* Work task *
Apart from the images, the entire listing below must be restated word for word.

─── Exercise data ───

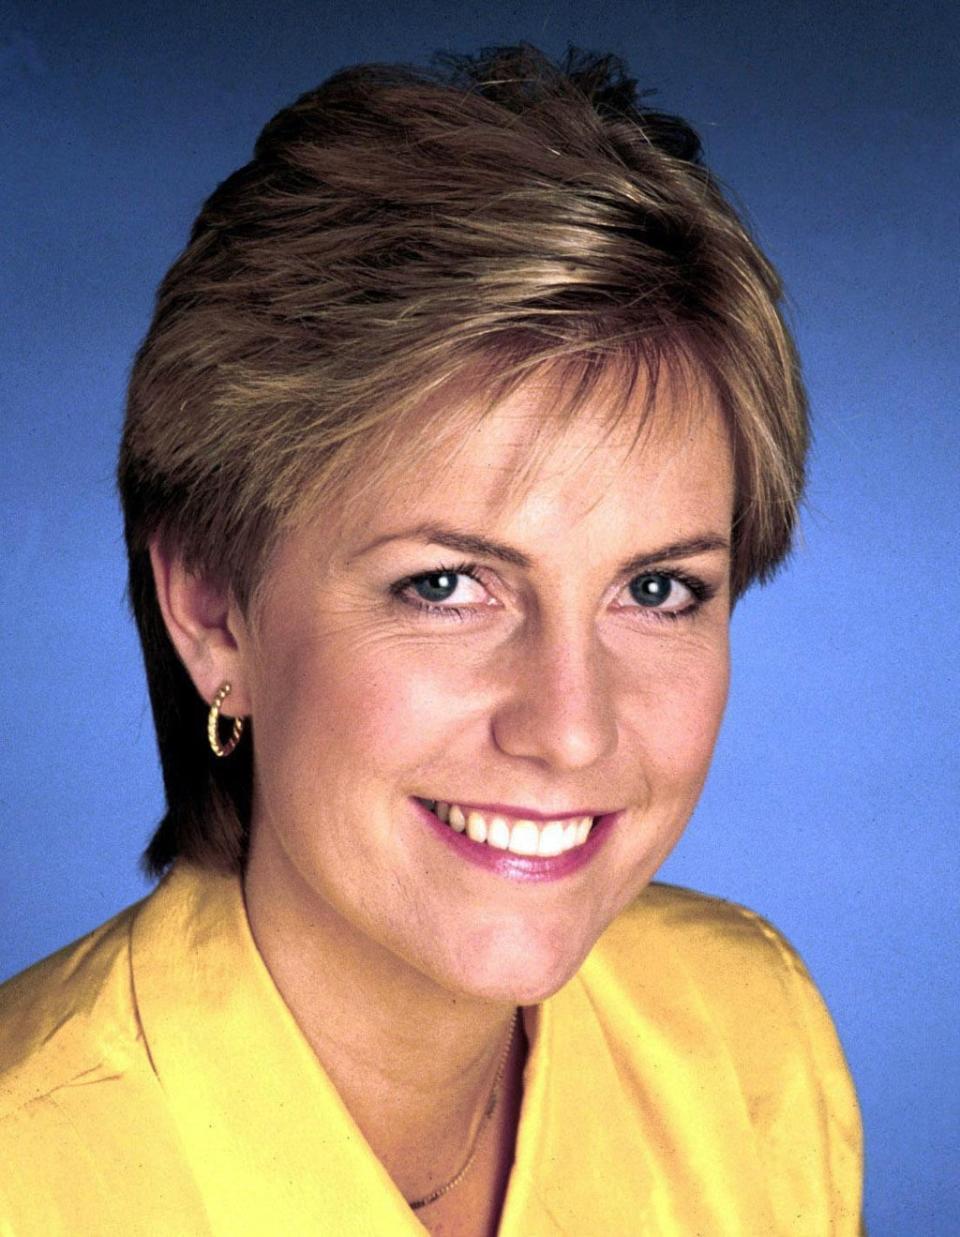 Nick Ross helped inspire an institute of crime science in memory of his co-presenter Jill Dando, who was murdered outside her London home (BBC/PA) (PA Media)
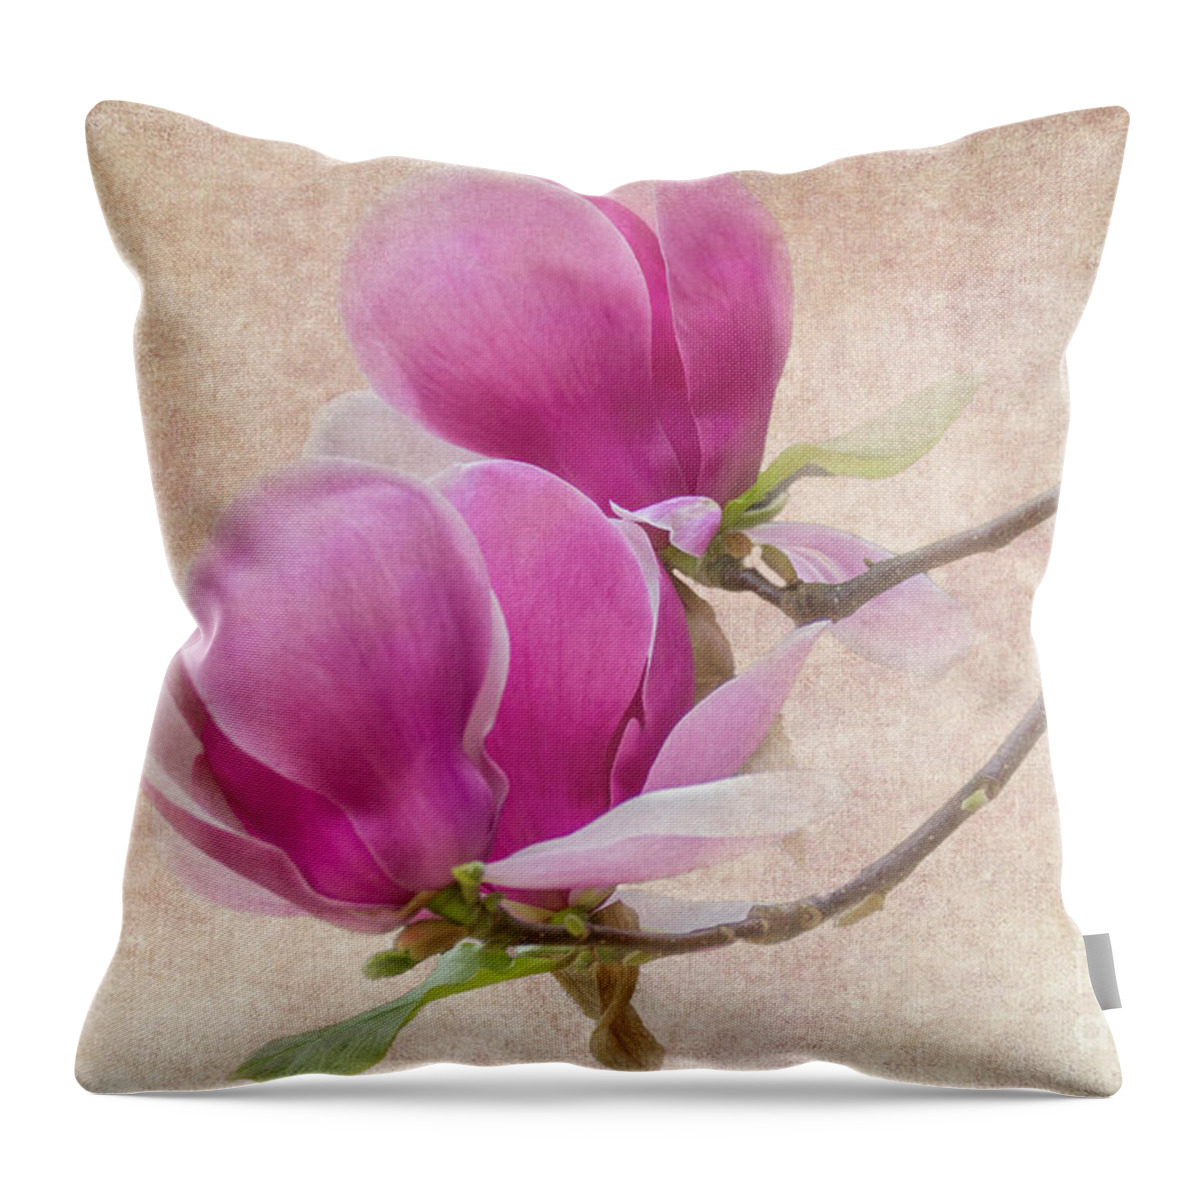 Magnolia Throw Pillow featuring the photograph Purple Tulip Magnolia by Heiko Koehrer-Wagner
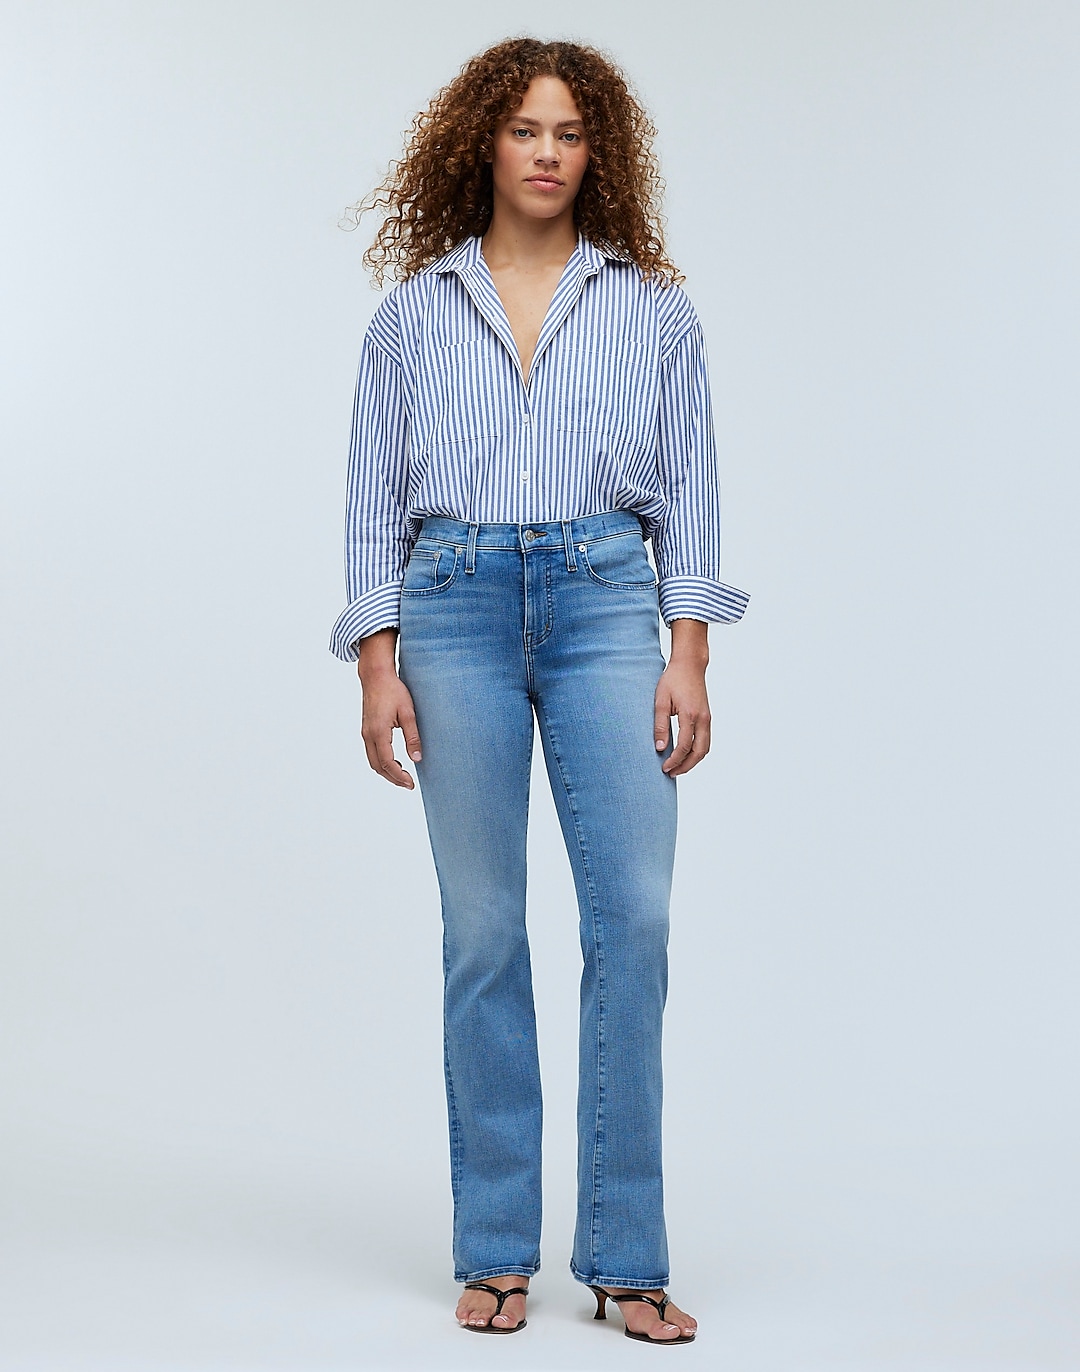 Kick Out Full-Length Jeans in Merrigan Wash | Madewell

───

* Your solution *
 Nick Ross helped inspire an institute of crime science in memory of his co-presenter Jill Dando, who was murdered outside her London home (BBC/PA) (PA Media)
 Magnolia Throw Pillow featuring the photograph Purple Tulip Magnolia by Heiko Koehrer-Wagner
 Kick Out Full-Length Jeans in Merrigan Wash | Madewell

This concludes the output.